Wait for it to complete. It will comment on your PR whether it successfully built or not.
• Success: You’ll get a validation code in the comment
• Failure: You’ll get error messages explaining what went wrong. Read the error messages carefully - they contain clues for fixing issues
Interpret the results and proceed accordingly:
If the test’s comment provides a validation code, skip to Phase 5.
If the test’s comment contains error messages, visit Phase 4: Troubleshooting and Refinement of these instructions.
3.4 Phase 4: Troubleshooting and Refinement
3.4.1 Step 9: Debug Build Failures
Common issues to check:
Typos in package names
Missing dependencies (install system packages before language packages).

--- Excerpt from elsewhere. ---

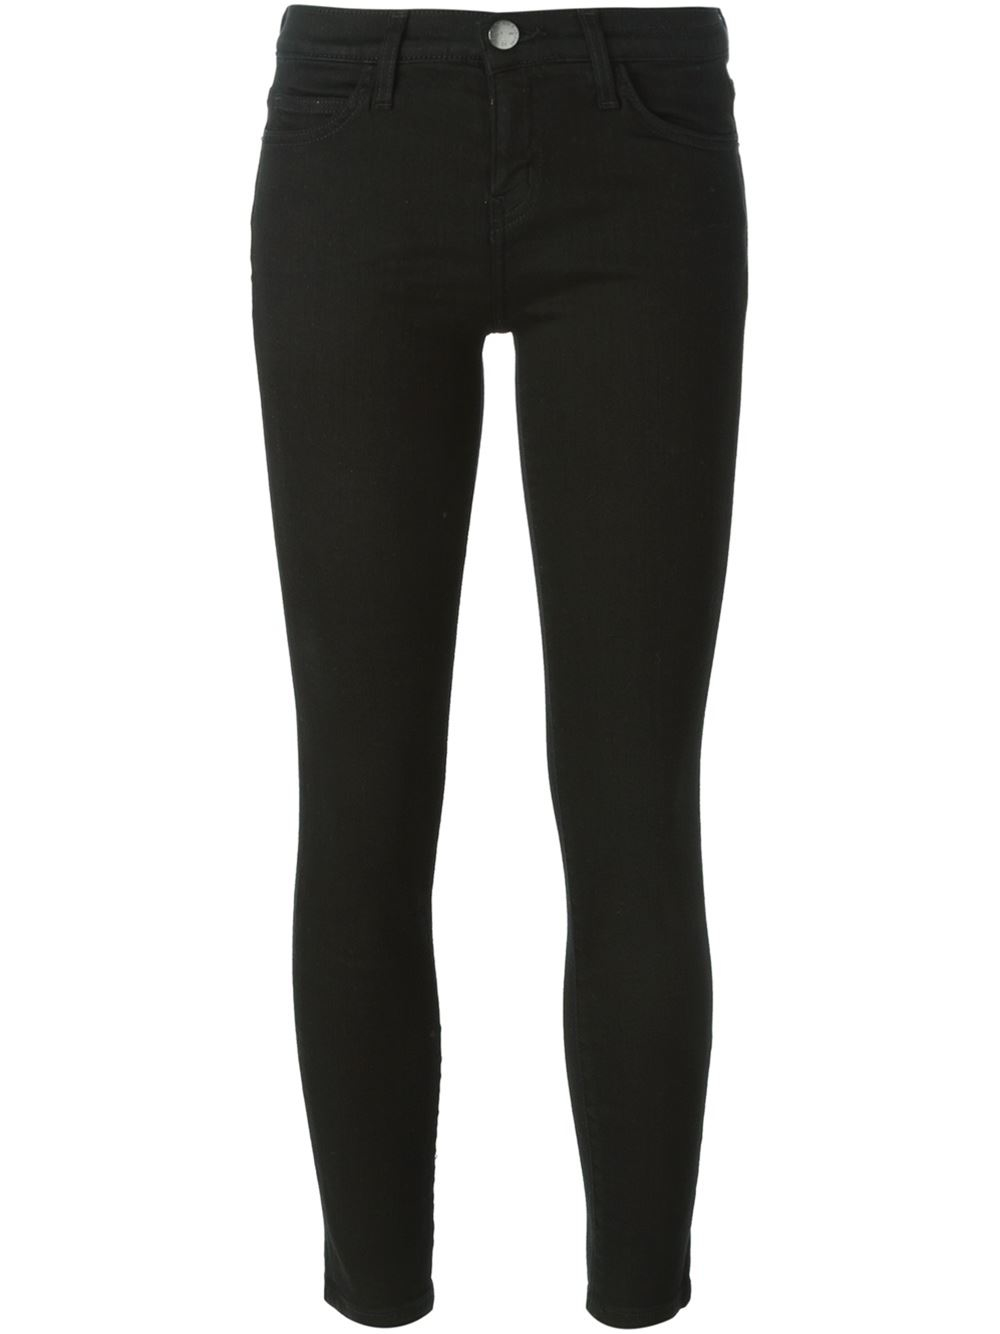 Current/elliott Stiletto Skinny Jeans in Black | Lyst
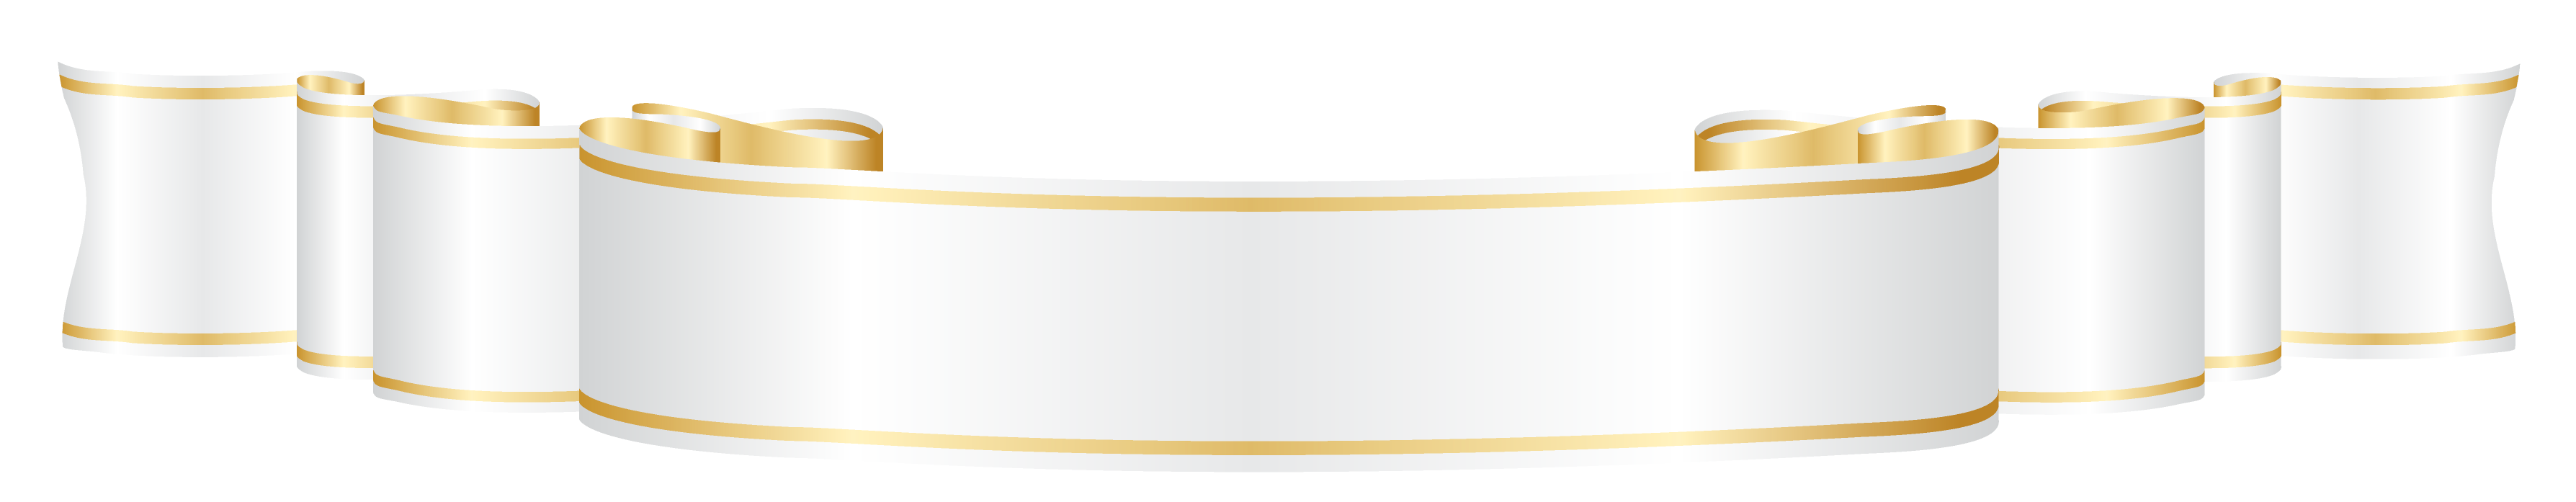 Golden Banner PNG Image with Transparent Background

Google or a code trained LLM (e.g., Phind) can be helpful for determining missing dependencies.
Incorrect syntax in RUN commands
Base image doesn’t support your installation method
3.4.2 Step 10: Iterate Until Success
Make changes to your Dockerfile on your branch
Commit and push changes
Each push will trigger a new test run
Keep refining until you get a successful build!
3.4.3 Step 11: Merge Your Pull Request
Because you’ve received a validation code (congrats!), you can treat this like a team member approved your pull request. Go ahead and merge the PR and delete your branch so that your Dockerfile will be on the main branch, available for use in a later assignment if you want it.
Click the green button.Adjust the commit message and extended description as you see fit.
Click the green button.
Finally, after you see “Pull Request successfully merged and closed displayed, you can click the gray
button.
3.5 Phase 5: Completion
If you are taking the course on Coursera:
Collect Your Validation Code
Copy the validation code from the pull request comment earlier in the thread/above where you’ve merged and deleted your branch. You’ll need the code in order to submit your quiz.
Important: Make sure it’s a real validation code, not an error message or status code used to identify an error.
Submit Your Quiz
Go to your Coursera Graded Assignment (“Building a Docker Image”)
Paste the validation code
Submit the quiz to get credit for your work
3.6 Suggestions for Troubleshooting and Best Practices
Remember, this assignment is designed to give you hands-on experience with the container building process. The automated testing system provides immediate feedback, making it easier to learn through iteration rather than getting everything perfect on the first try.
3.6.1 Start Simple
- Begin with just the most essential packages for your analysis
- You can always add more in subsequent iterations
- A working simple image is better than a broken complex one
- Reference tips from the Containers for Scientists course as needed.
3.6.2 Leverage the Automated Testing
- The GitHub Action is your friend - it provides immediate feedback
- Don’t be afraid to make multiple attempts
- Each unsuccessful iteration and new error message teaches you something about container building
3.6.3 Read Error Messages Carefully
- Error messages may contain the exact solution you need to fix your problem
- Look for phrases like “package not found” or “missing dependency”
- Google specific error messages if they’re unclear
- Copy and paste the error code and include any relevant context to a code trained LLM (e.g., Phind) for additional help.